**ACTIVITY**: Repeat the following entries exactly, excluding pictures.

**STORED DATA**:
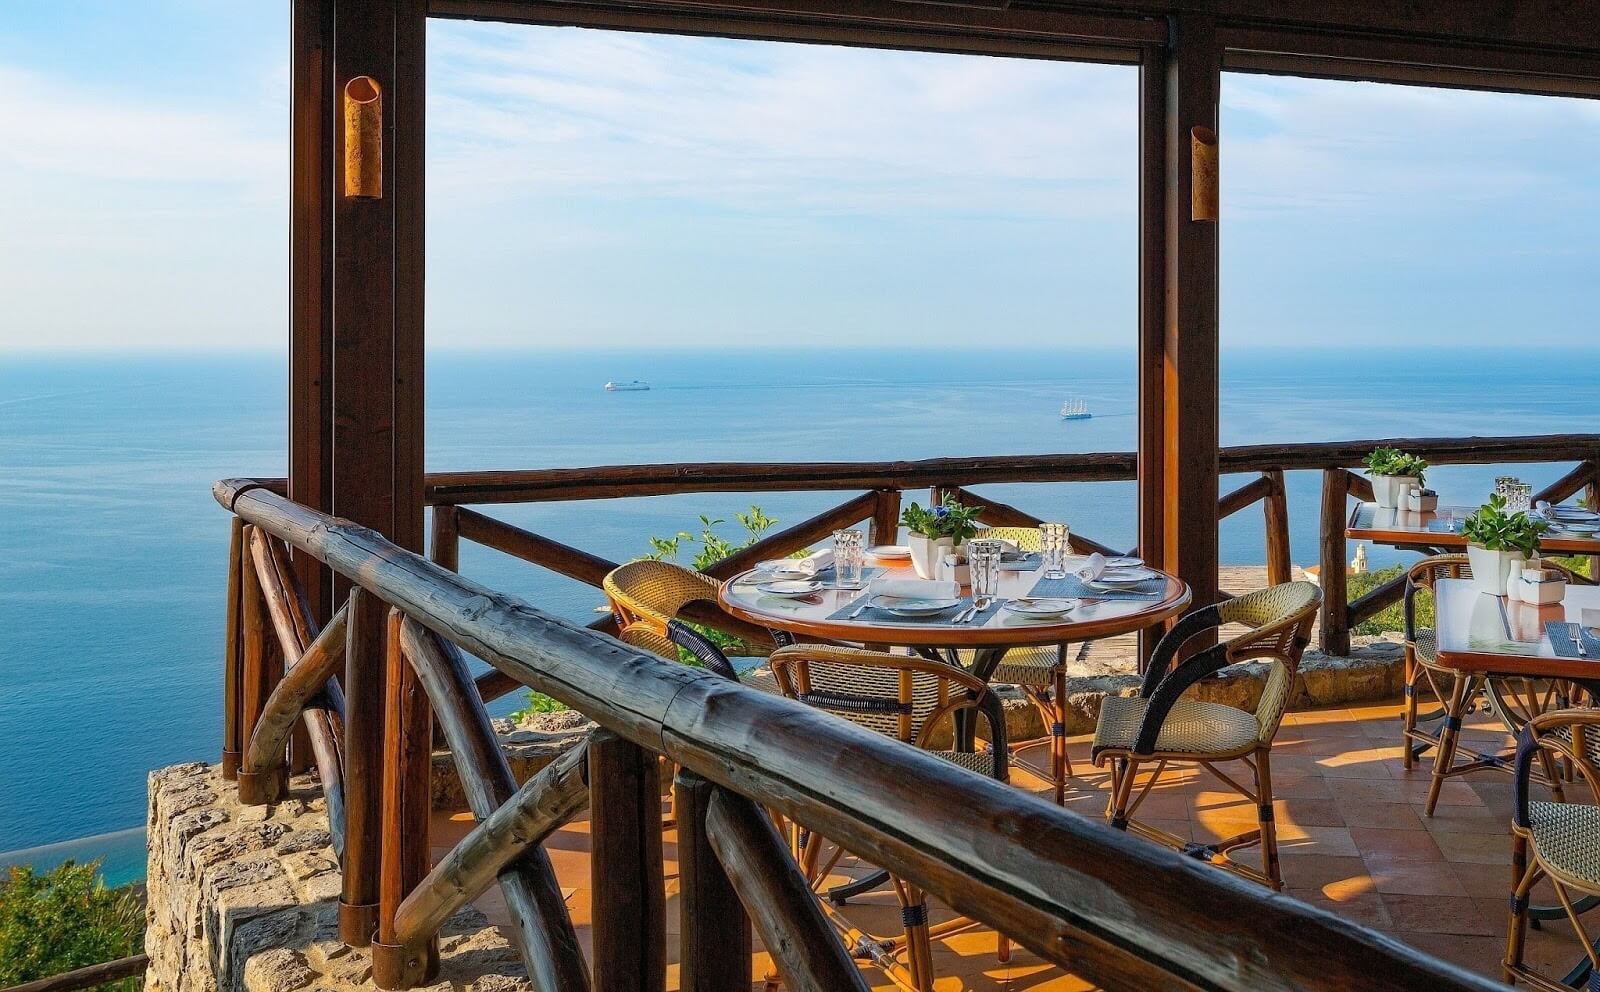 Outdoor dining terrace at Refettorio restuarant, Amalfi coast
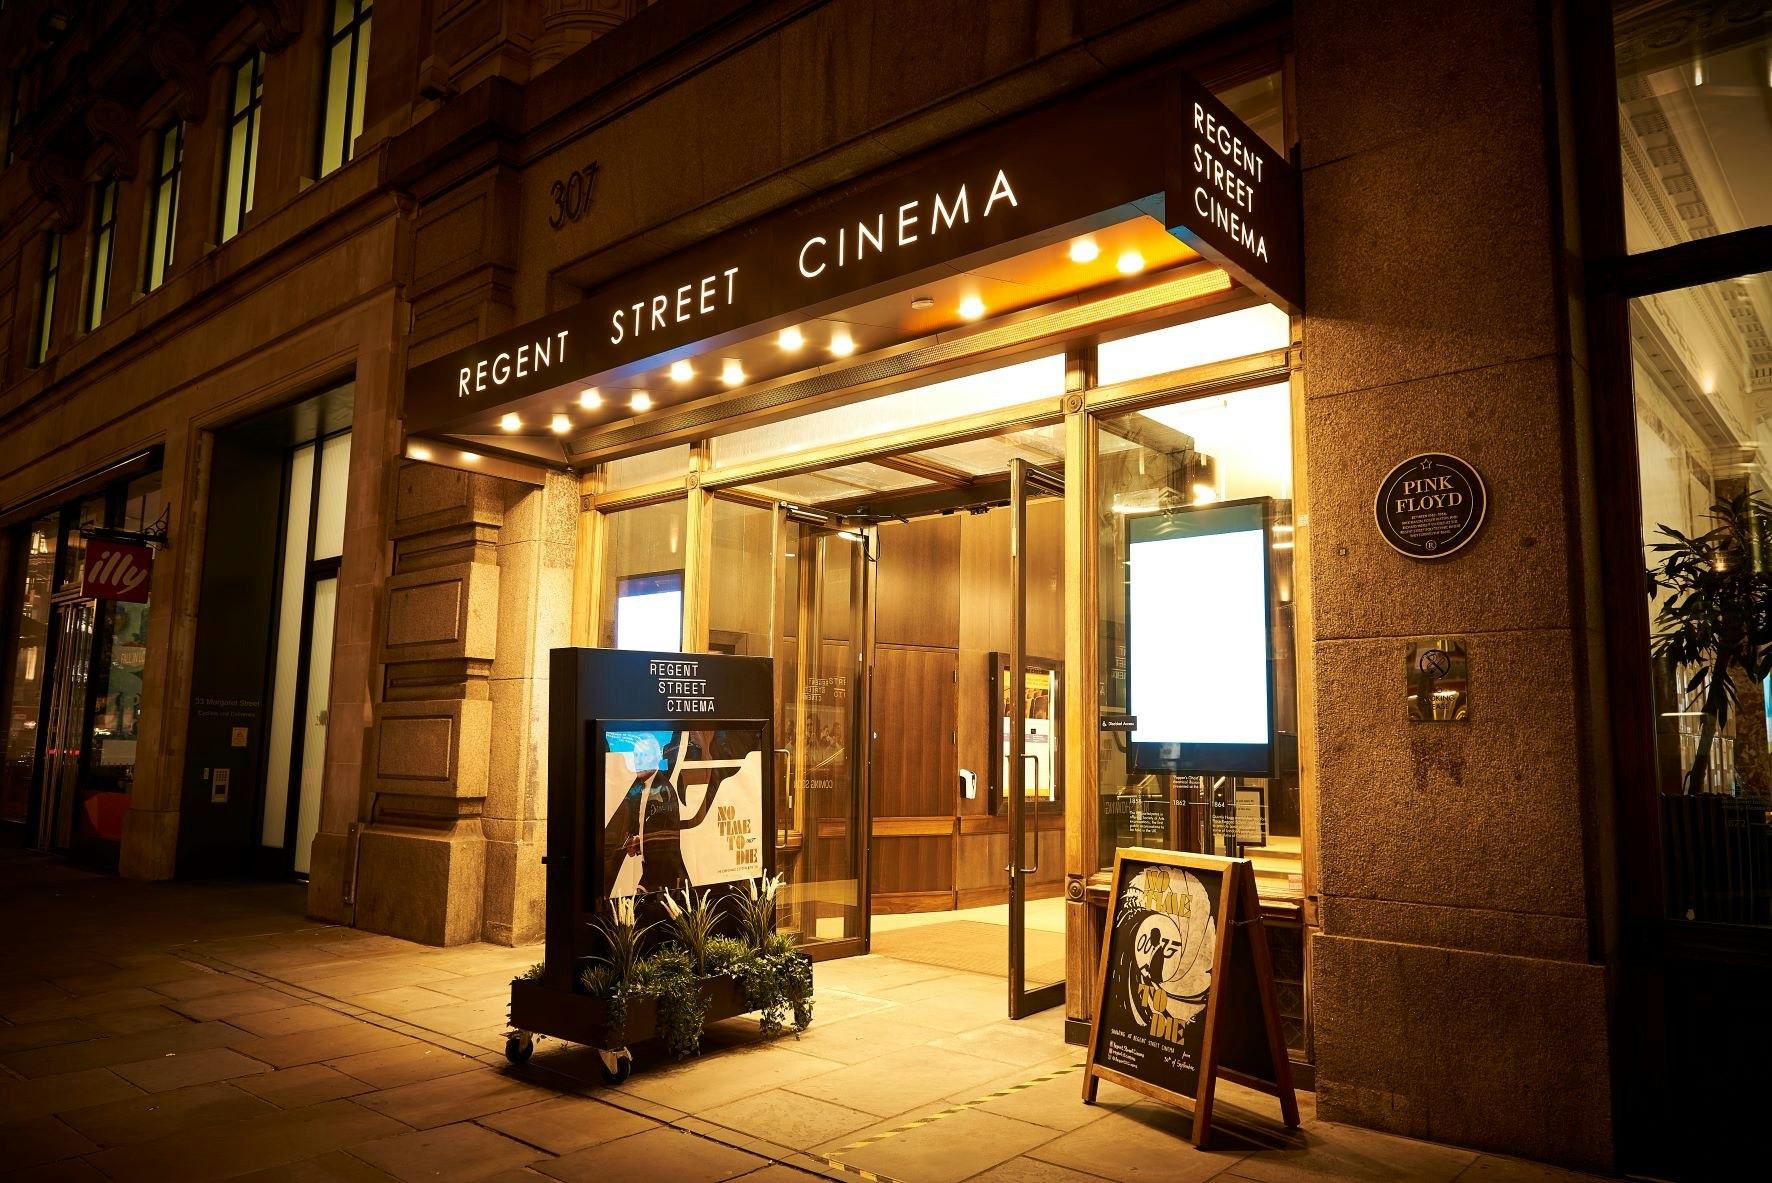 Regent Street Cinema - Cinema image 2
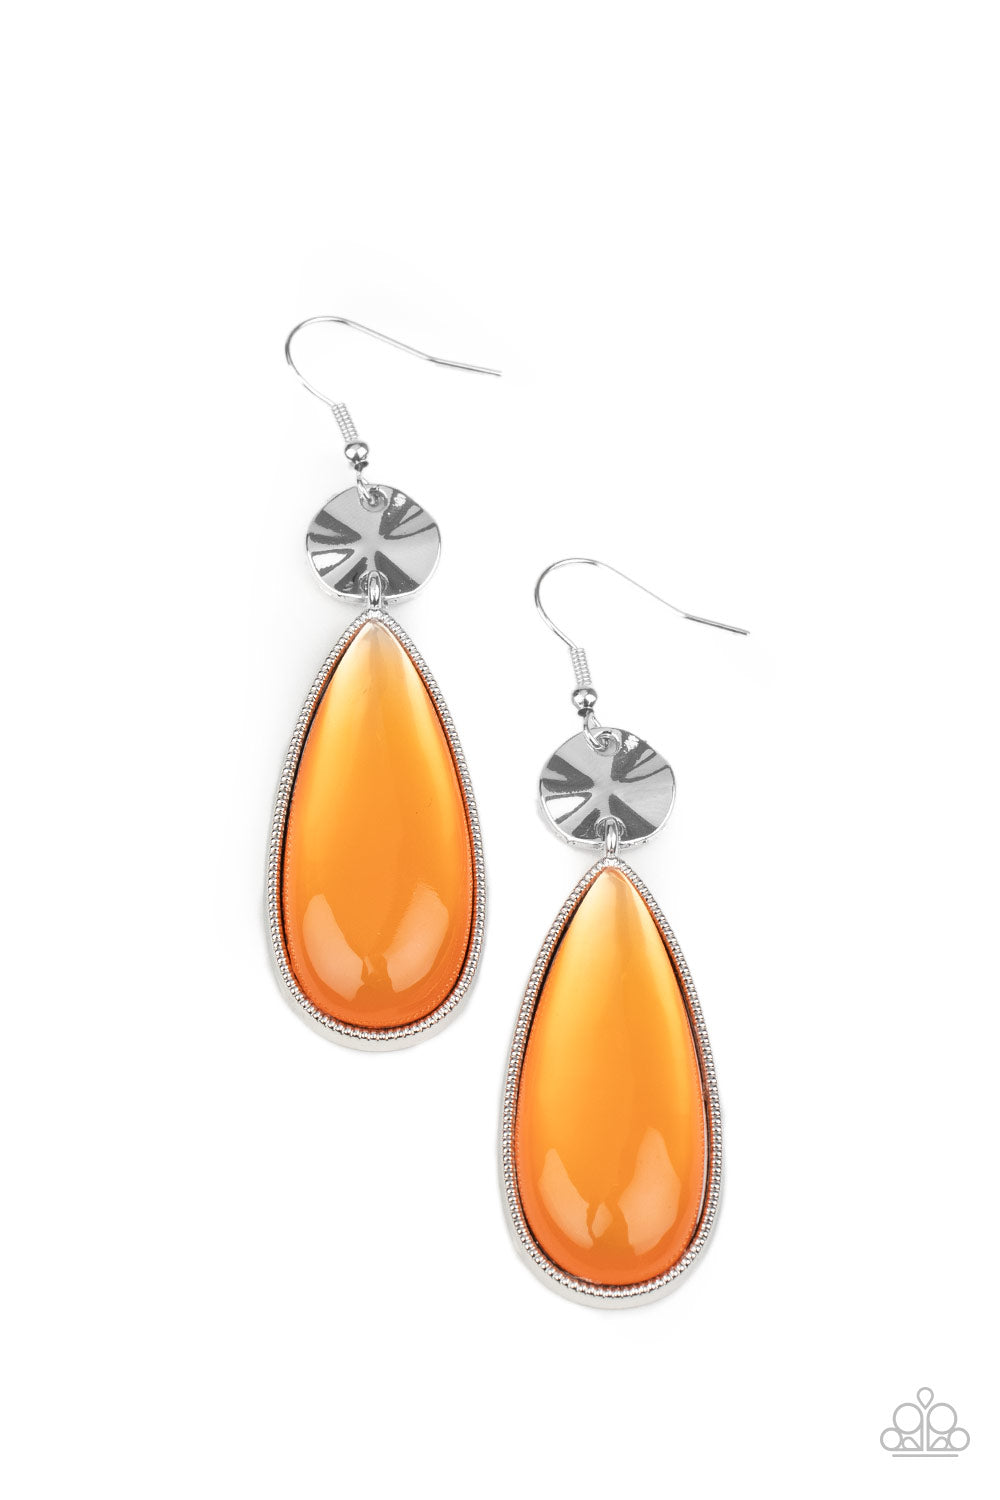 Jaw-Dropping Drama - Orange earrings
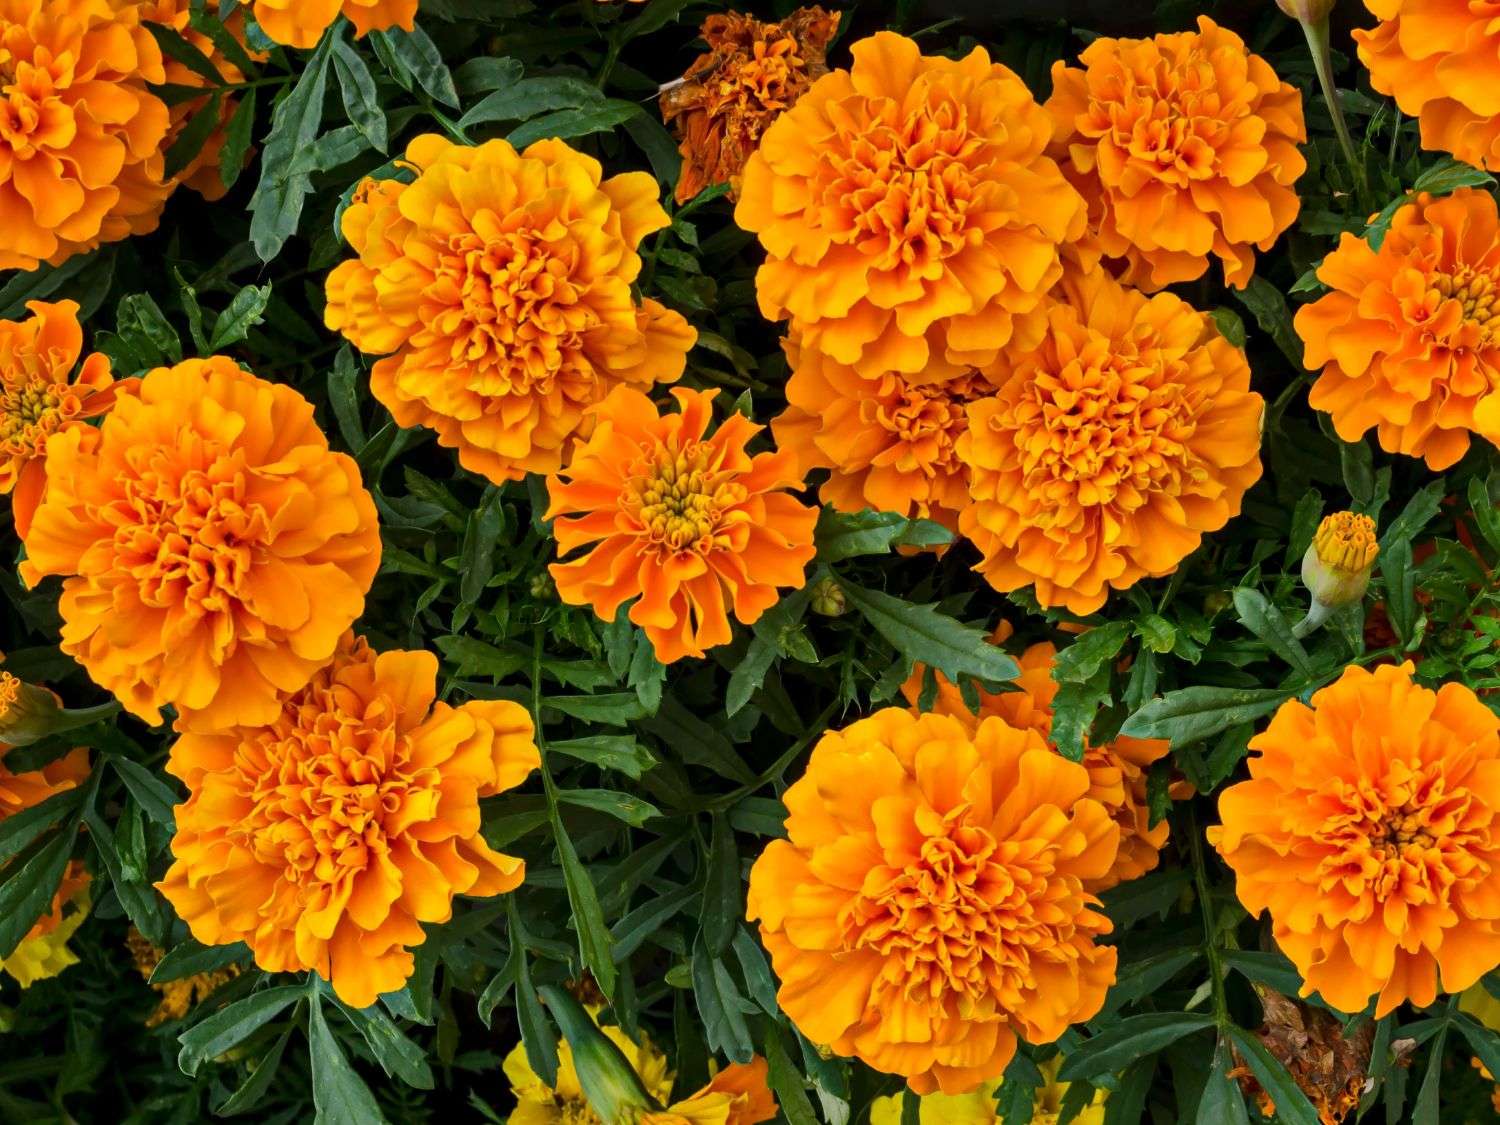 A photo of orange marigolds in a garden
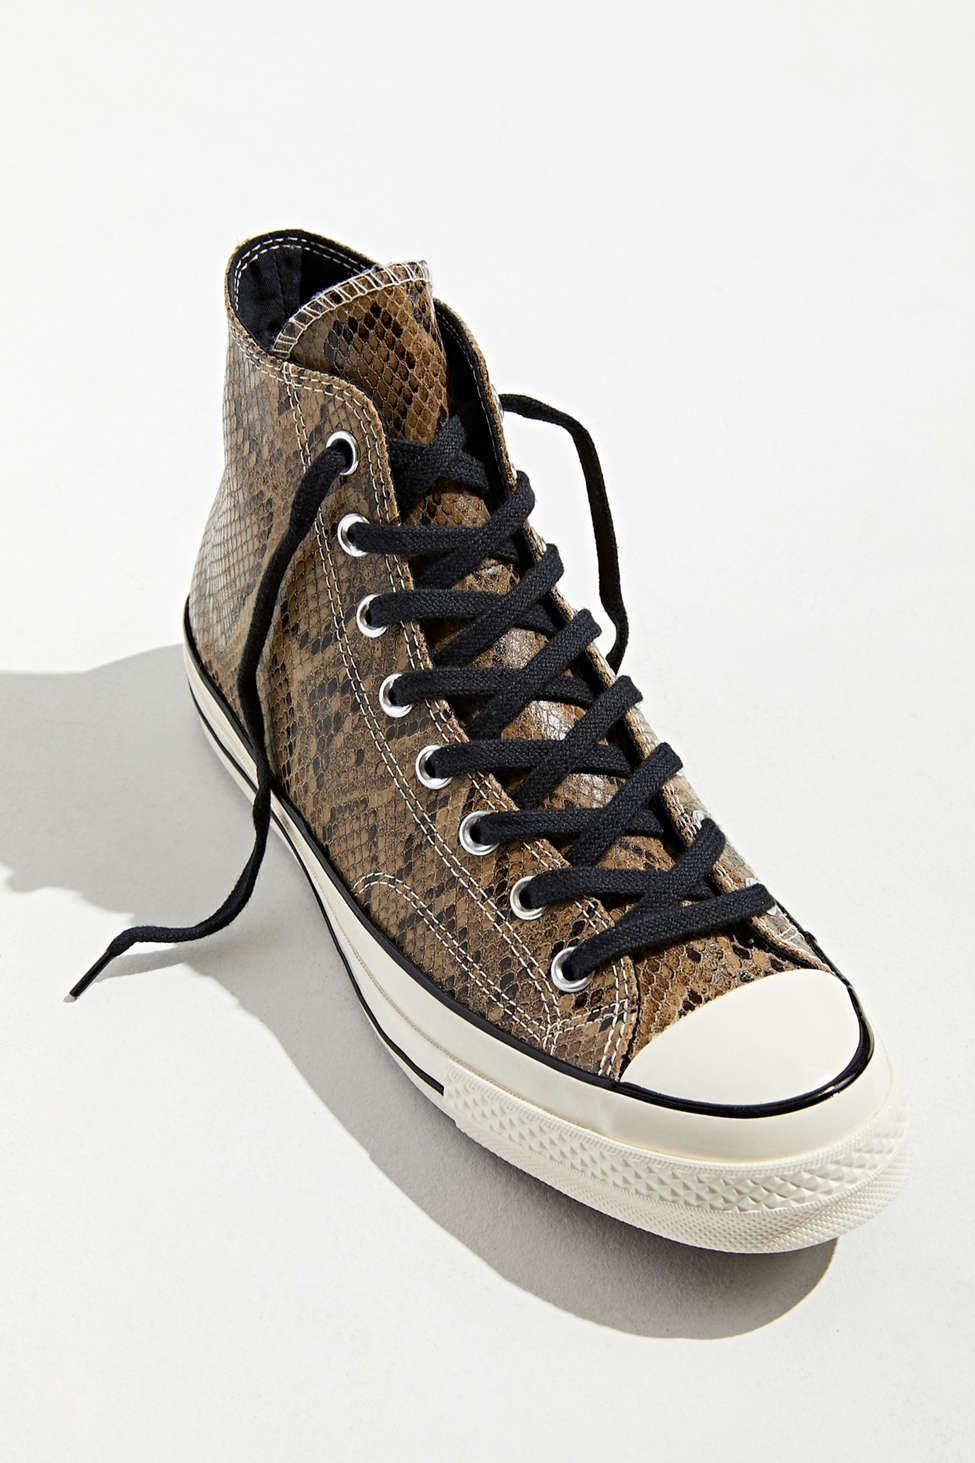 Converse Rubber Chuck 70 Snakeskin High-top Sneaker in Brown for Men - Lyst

**ANSWER FOR THIS EXERCISE**:
 Outdoor dining terrace at Refettorio restuarant, Amalfi coast
 Regent Street Cinema - Cinema image 2
 Jaw-Dropping Drama - Orange earrings
 A photo of orange marigolds in a garden
 Converse Rubber Chuck 70 Snakeskin High-top Sneaker in Brown for Men - Lyst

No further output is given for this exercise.